== Exercise directions ==
Would you retype the whole listing verbatim, keeping pictures out of it?

== The data ==
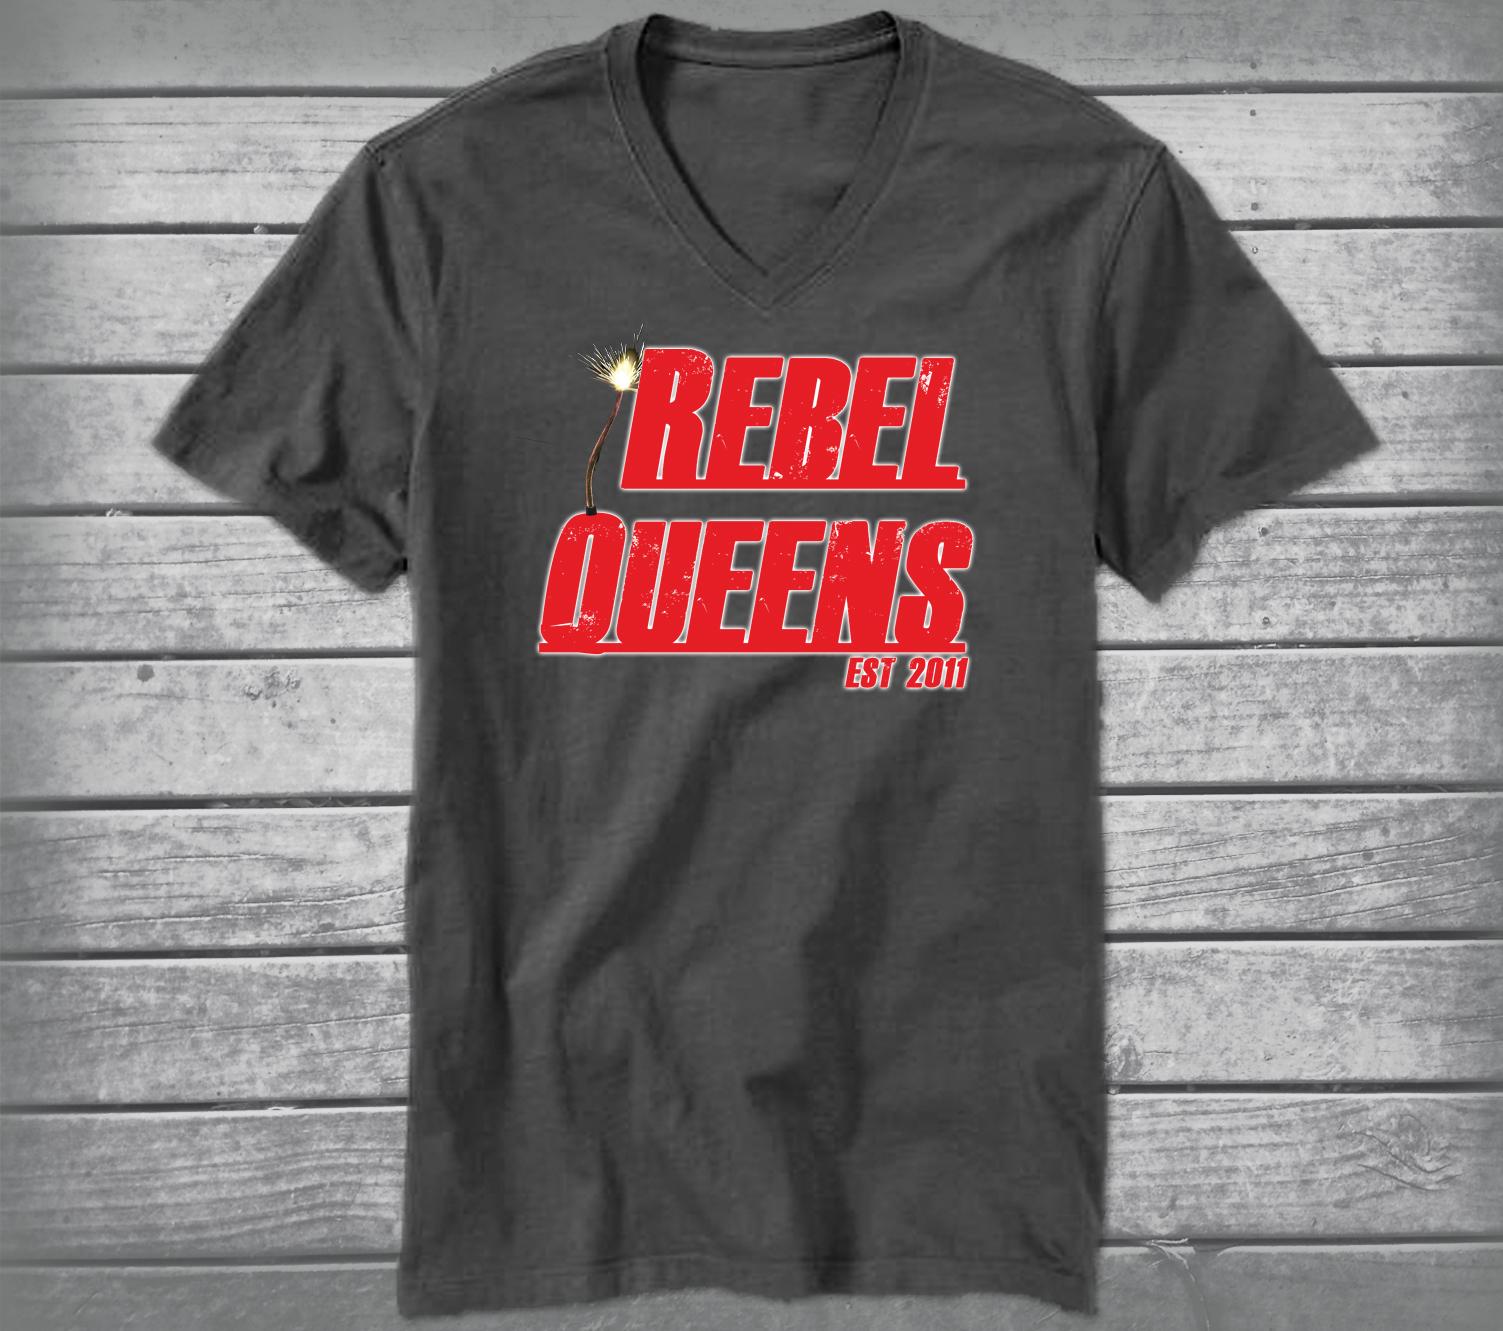 RebelQueens_TeeShirt.jpg
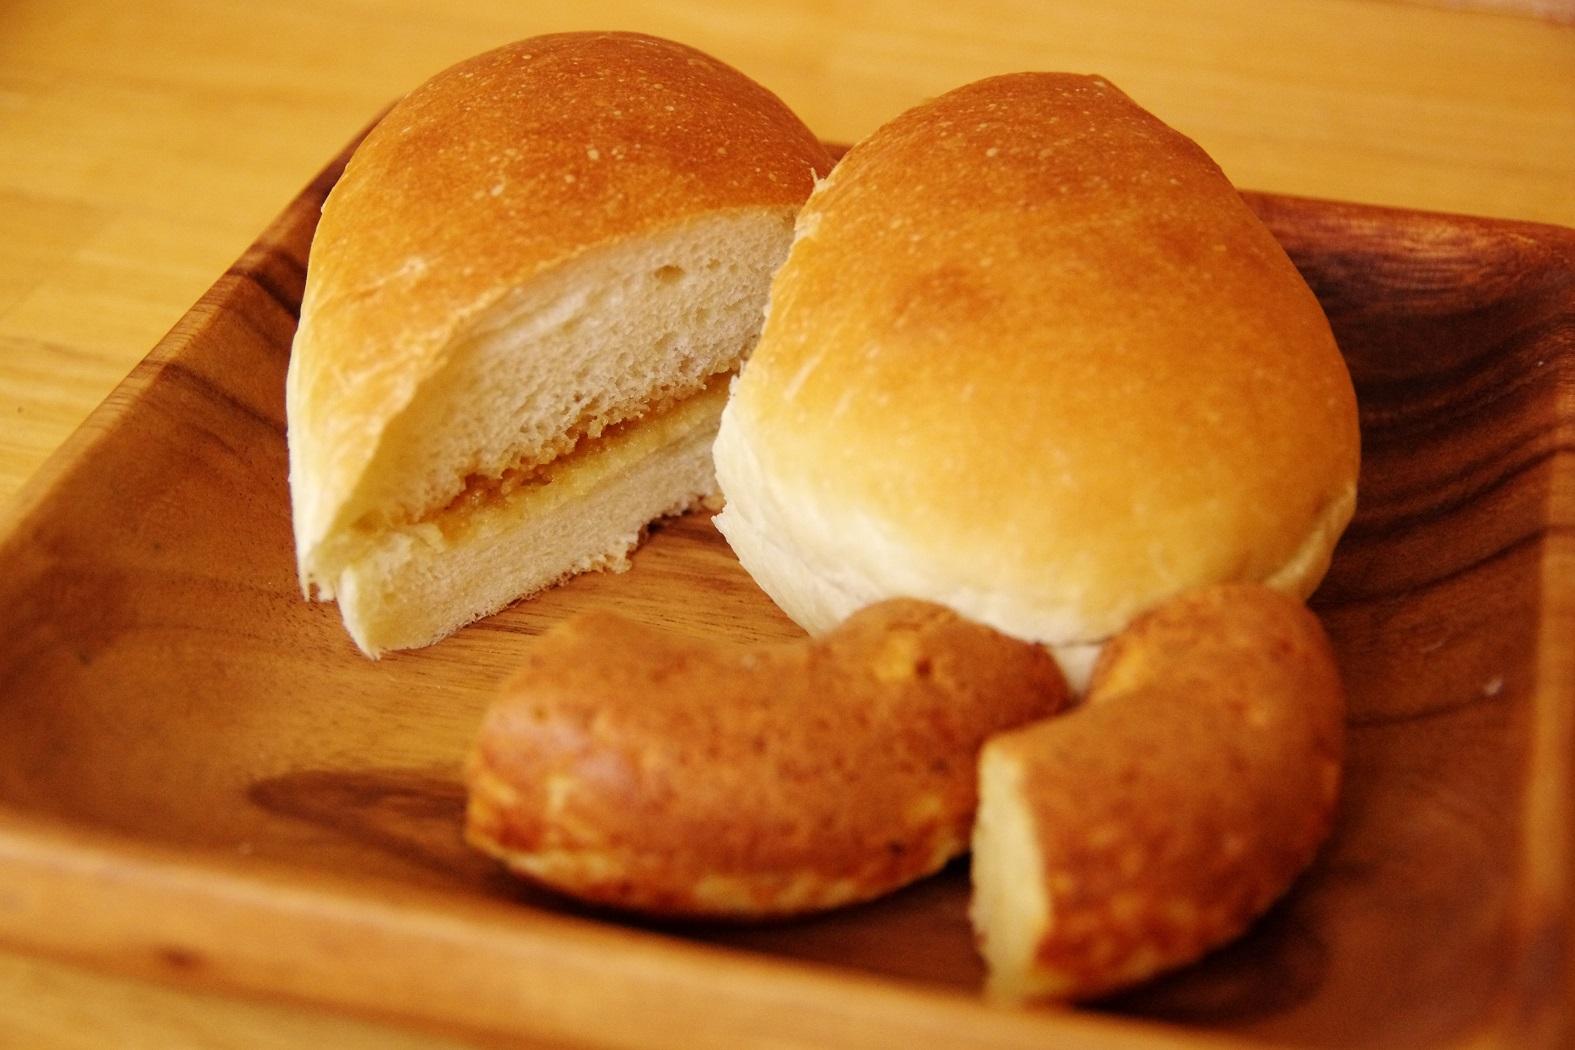 木曜にしか買えない!阿南市の住宅地で見つけたやさしい無添加パン
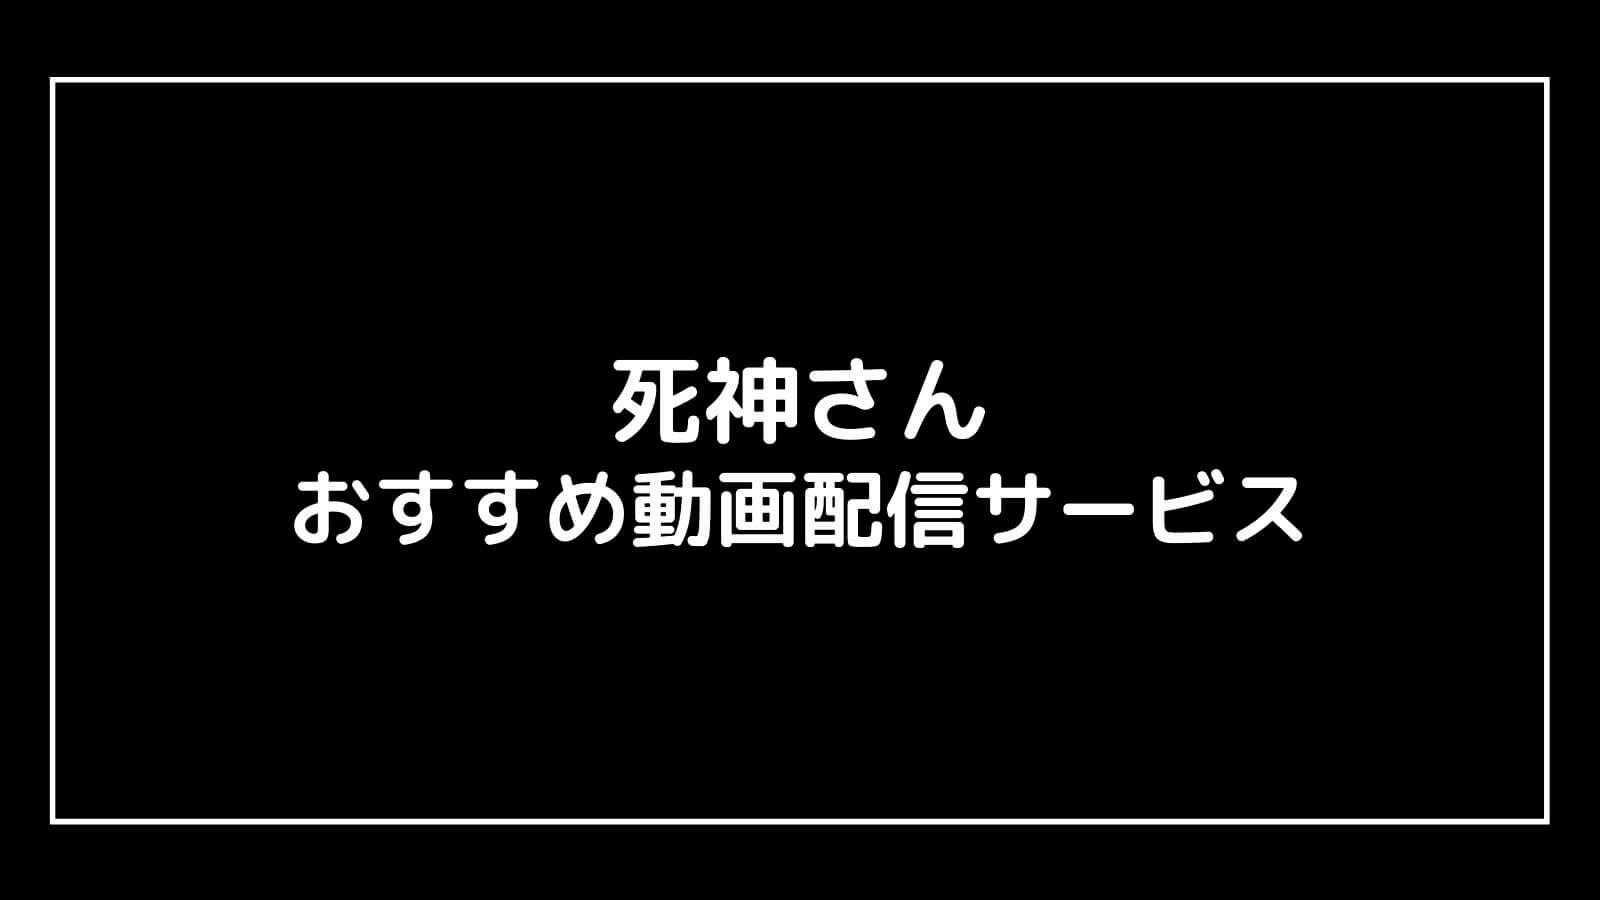 田中圭主演『死神さん』の見逃し配信を無料視聴できるおすすめ動画配信サイト

== Result of this task ==
 RebelQueens_TeeShirt.jpg
 木曜にしか買えない!阿南市の住宅地で見つけたやさしい無添加パン
 田中圭主演『死神さん』の見逃し配信を無料視聴できるおすすめ動画配信サイト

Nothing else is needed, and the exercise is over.